While manufacturing costs are expected to go down, the changes are also likely to reduce disputes with the customs and imports authorities over raw materials. The customs duty exemptions are for 25 critical minerals, including cobalt, lithium, copper, germanium, and silicon, many of which are vital for electronics and battery manufacturing.
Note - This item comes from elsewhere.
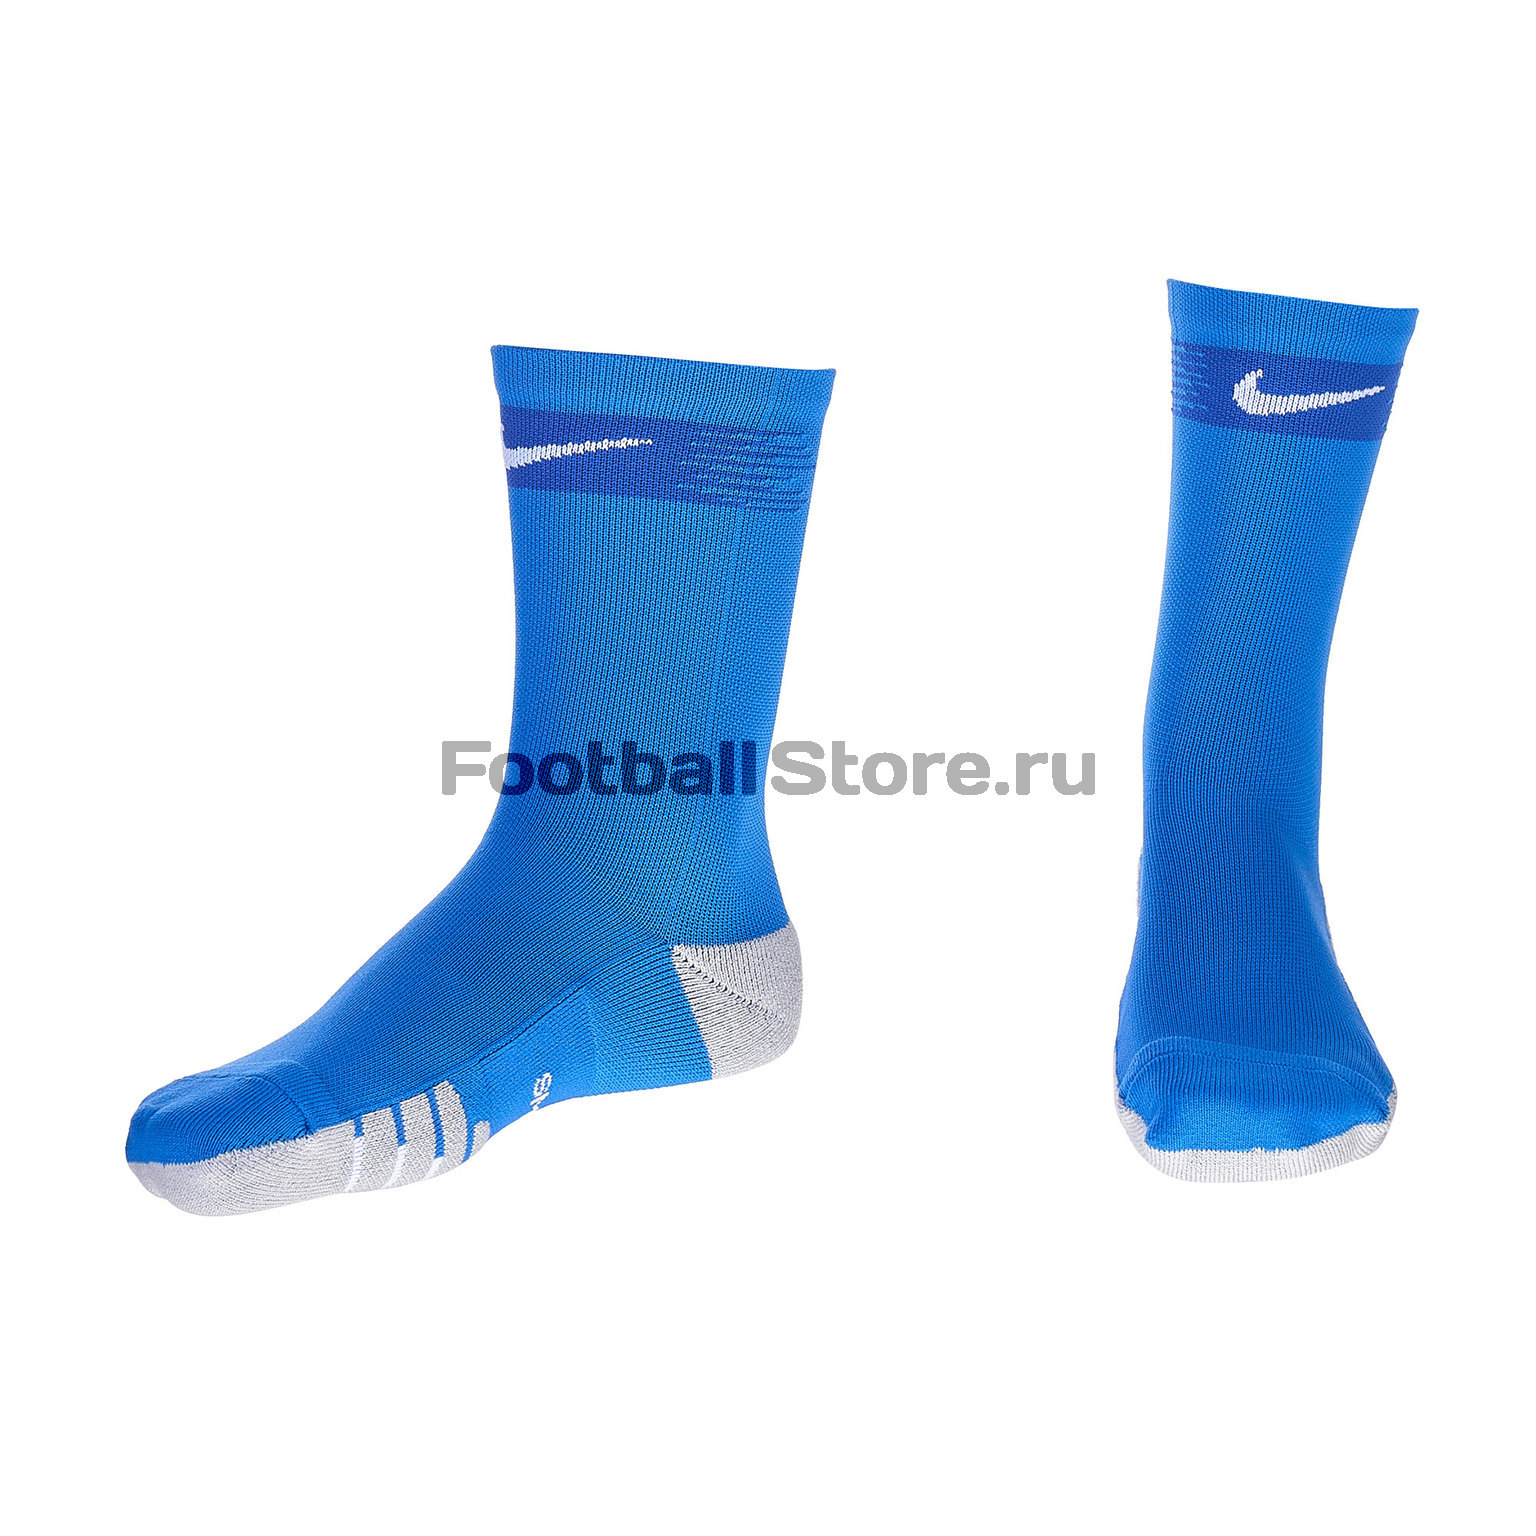 Носки Nike Matchfit Crew-Team SX6835-463

In addition, the relief through reduced customs duties on gold and silver (6% vs 15% previously) and platinum (6.4% from 15.5 %) will give a fillip to gems and jewellery industry as well as other sectors that leverage precious metals for manufacturing components, such as semiconductors and electronics manufacturing.
Credit Push For MSMEs
- Credit guarantee scheme for purchase of machinery and equipment without collateral
- Public sector banks will build their in-house capability to assess MSMEs for credit
- The limit of Mudra loans doubled to INR 20 Lakh for entrepreneurs
- Expanding TReDS trade invoicing platform to boost MSME working capital
- New SIDBI branches to serve major MSME clusters
The lower BCD on input and raw material will be critical to fuel large-scale manufacturing in electronics, space, clean energy, and other emerging industries. What did the Budget 2024-25 have in store for smaller businesses that are also looking to build India’s manufacturing capacity.
Firstly, the government plans to establish ecommerce export hubs in a public-private partnership (PPP) model to empower MSMEs and traditional artisans to sell their products in international markets.
These hubs will operate under a seamless regulatory and logistic framework, offering a comprehensive range of trade and export-related services under one roof, significantly enhancing the ease of doing business for small and medium enterprises (SMEs).
The ecommerce export hubs will be backed by over 100 food quality and safety testing labs certified by the National Accreditation Board for Testing and Calibration Laboratories (NABL), which are likely a measure to boost MSME food exports.
Further, the limit of loans provided under the Pradhan Mantri MUDRA Yojana (PMMY) will be increased to INR 20 Lakh from the existing INR 10 Lakh. The loan limit will be increased for entrepreneurs who had applied, availed and repaid MUDRA loans under the TARUN category previously.
Expanding MSME Credit Guarantees
Sitharaman also announced a credit guarantee scheme for MSMEs in the manufacturing sector. The government has provided MSMEs in the manufacturing sector with a guarantee cover of up to INR 100 Cr. “The scheme will operate on pooling of credit risks of such MSMEs, a separately constituted self-financing guarantee fund will provide to each applicant guarantee cover up to INR 100 Cr, while the loan amount may be larger,” the finance minister said.
The FM added that national banks will be tasked with creating credit assessment models for MSMEs based on a digital footprint score, instead of relying on external assessment, which rely on asset and turnover criteria.
The credit guarantee programmes should ideally allow MSMEs to secure loans from registered entities without providing collateral or a third-party guarantee. Additionally, term loans will be made available to facilitate the purchase of machinery, further supporting the growth and operational efficiency of micro, small and medium enterprises.